You decide to live in a modest home (250k), invest the rest of the money in the stock market because even though the stock market goes down, it’ll go up in the long run right?
The flaw: Historically, the market has returned 10% per year, but historically we’ve never had 1/3 of the US population retiring at nearly at the same time. Historically, we’ve never faced random terrorist attacks that send shock waves throughout the economy. Historically, we’ve never faced a labor force of 1 billion Chinese or 1 billion Indians competing for the same jobs, the same resources (food, oil, metals, coffee, etc), and the same lifestyle. It’s no odd coincidence that Warren Buffet is in China this week looking for investment prospects and perhaps some better opportunities.

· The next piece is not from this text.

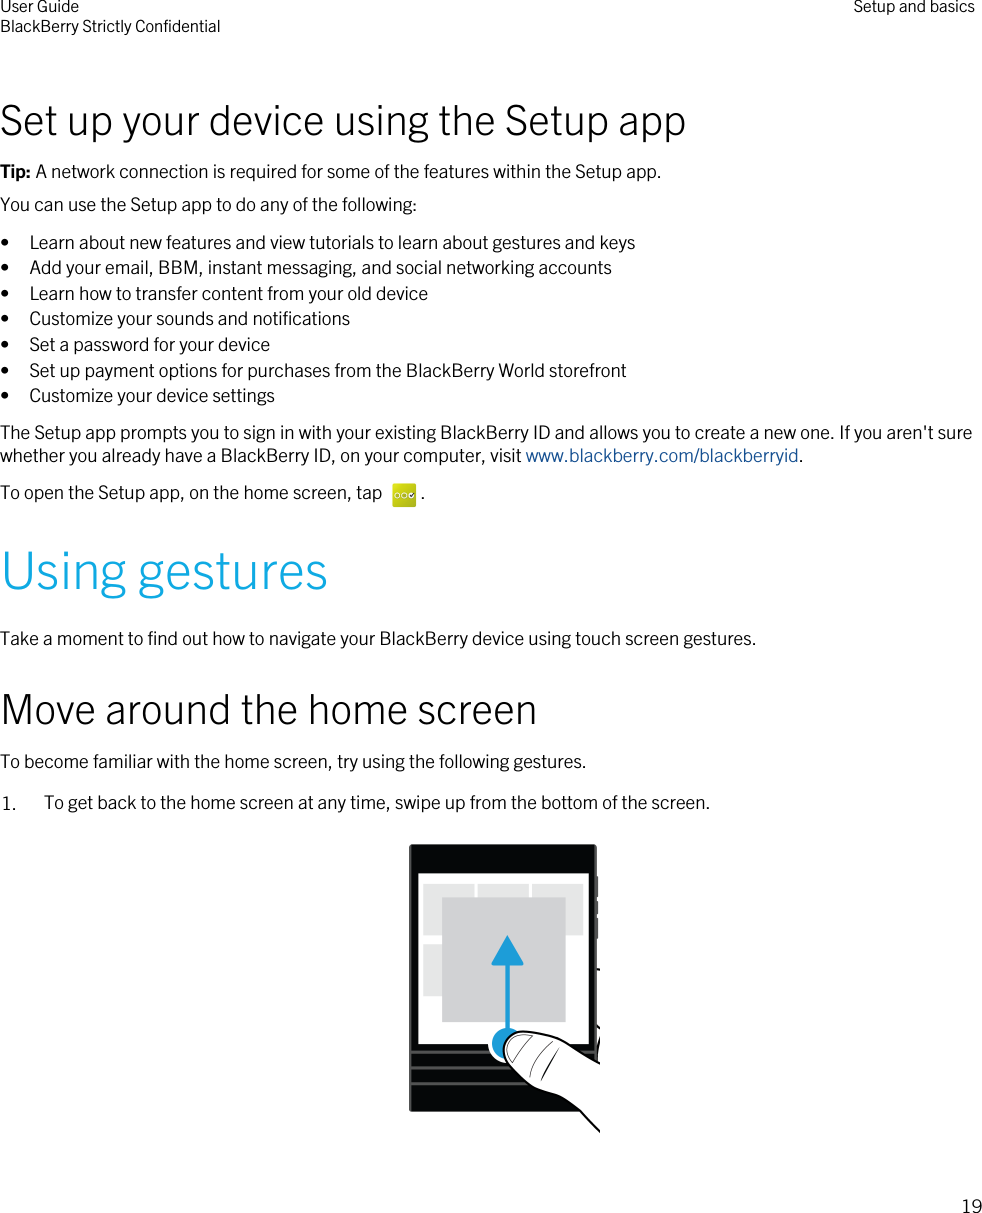 Set up your device using the Setup appTip: A network connection is required for some of the features within the Setup app.You can use the Setup app to do any of the following:• Learn about new features and view tutorials to learn about gestures and keys• Add your email, BBM, instant messaging, and social networking accounts• Learn how to transfer content from your old device• Customize your sounds and notifications• Set a password for your device• Set up payment options for purchases from the BlackBerry World storefront• Customize your device settingsThe Setup app prompts you to sign in with your existing BlackBerry ID and allows you to create a new one. If you aren&apos;t sure whether you already have a BlackBerry ID, on your computer, visit www.blackberry.com/blackberryid.To open the Setup app, on the home screen, tap  .Using gesturesTake a moment to find out how to navigate your BlackBerry device using touch screen gestures.Move around the home screenTo become familiar with the home screen, try using the following gestures.1. To get back to the home screen at any time, swipe up from the bottom of the screen.  User GuideBlackBerry Strictly Confidential Setup and basics19
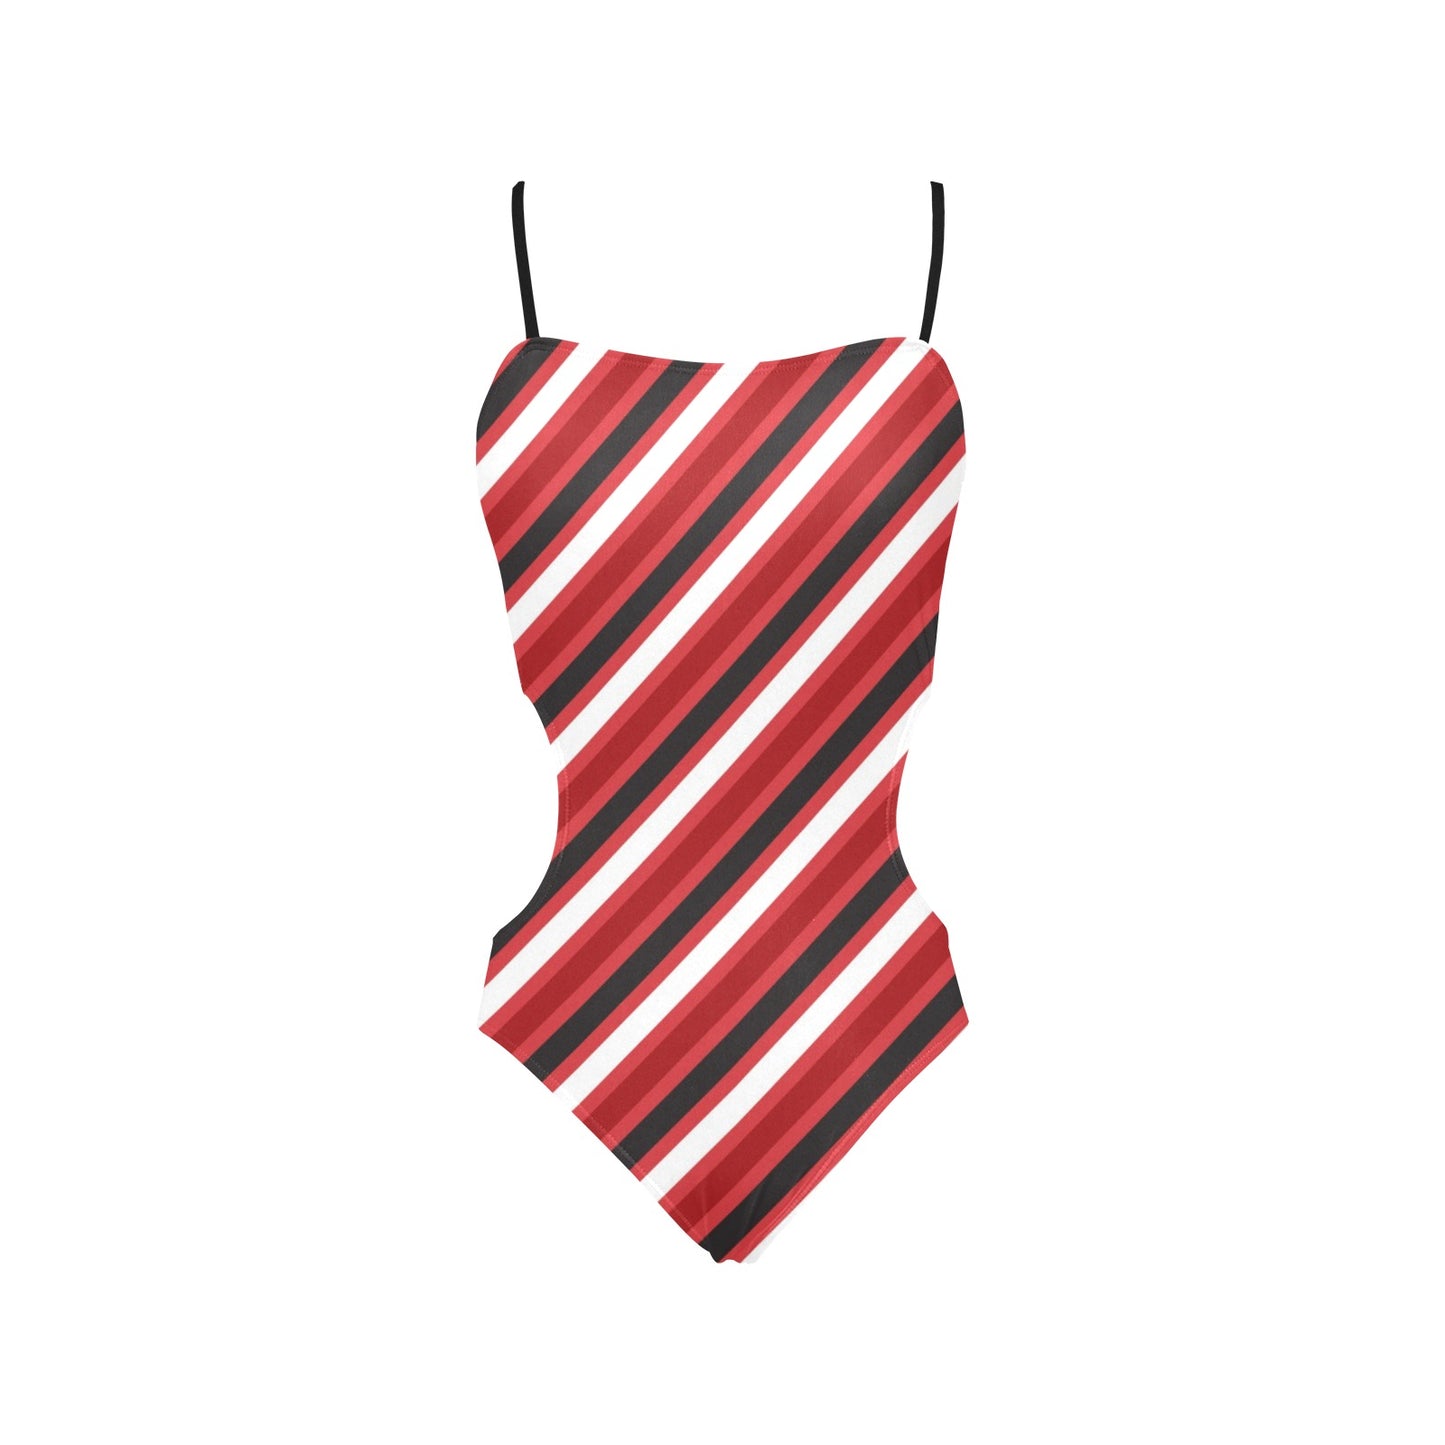 Vintage Stripes Spaghetti Strap Cut Out Sides Swimsuit

While stocks generally do return 10%, you need to be sure you’re invested in the RIGHT stocks.
You decide that the best place for your 2 million sans 100k (at the bank) is Treasury Bonds. The US Government has never defaulted on debt so you’re perfectly safe.
The flaw: China and Japan now hold about 2 trillion dollars of US debt. IF they ever decide that they don’t want to subsidize the American lifestyle, they can send the US Treasury market into a panic by dumping Treasuries. It’s an unlikely scenario but still plausible but worse yet is the devaluation of the US Dollar. If you like eating New Zealand lamb, Chilean Black Grapes, or drinking French wines, you’ll pay through the nose for these “luxuries” with the continued devaluation of the US Dollar. The devaluation of the USD along with inflation will ravage your Treasury savings.
So where is a “safe” place for your money? There really isn’t a “safe” place for money because “safety” and “money” don’t exist anywhere in our financial world.
“Money” is nothing more than a unit of exchange for one thing: labor. At the end of the day, every product and every service that a person wants can be reduced down to the labor involved in producing or servicing something.
So ultimately, the best place for money is in an investment that gives you the best access to the widest variety of labor in a society. I’ll let you figure this out for yourself ;).

























October 30th, 2007 at 12:07 pm
Doesn’t seem like a bad problem to have. I would probably mix my money around, invest some in my house, some in U.S. and foreign equities, some in US T Bills, and some in Bonds and Cash equivalents.
October 30th, 2007 at 1:25 pm
The trade off becomes “management” of the money as it spreads around. For example, you could work around the FDIC limit by opening 20 bank accounts and depositing 100k in each but then you have to manage cash flows out of 20 banks and into at least one other bank.
At the end of the year (assuming 6%), you’d have 120k in interest that you’d need to put in to yet another bank account.
By “spreading” money around, you lose the ability to leverage and that is a BIG trade off too.
October 30th, 2007 at 2:14 pm
Fortunately, pork-belly futures have none of the drawbacks you mentioned. So I’d go with those.
October 30th, 2007 at 7:48 pm
Slick, that’s where diversification comes in.
If ya worried about Treasury Bonds, you can always buy those from other countries or even a global bonds mutual funds. The advantage of the latter also allows you to have exposure to non USD denominated currencies.
And with world resources shrinking by the day, other asset classes to consider would be Commodities Futures Funds, REITs and also perhaps Canadian/UK lands. Oh and not to forget physical gold too.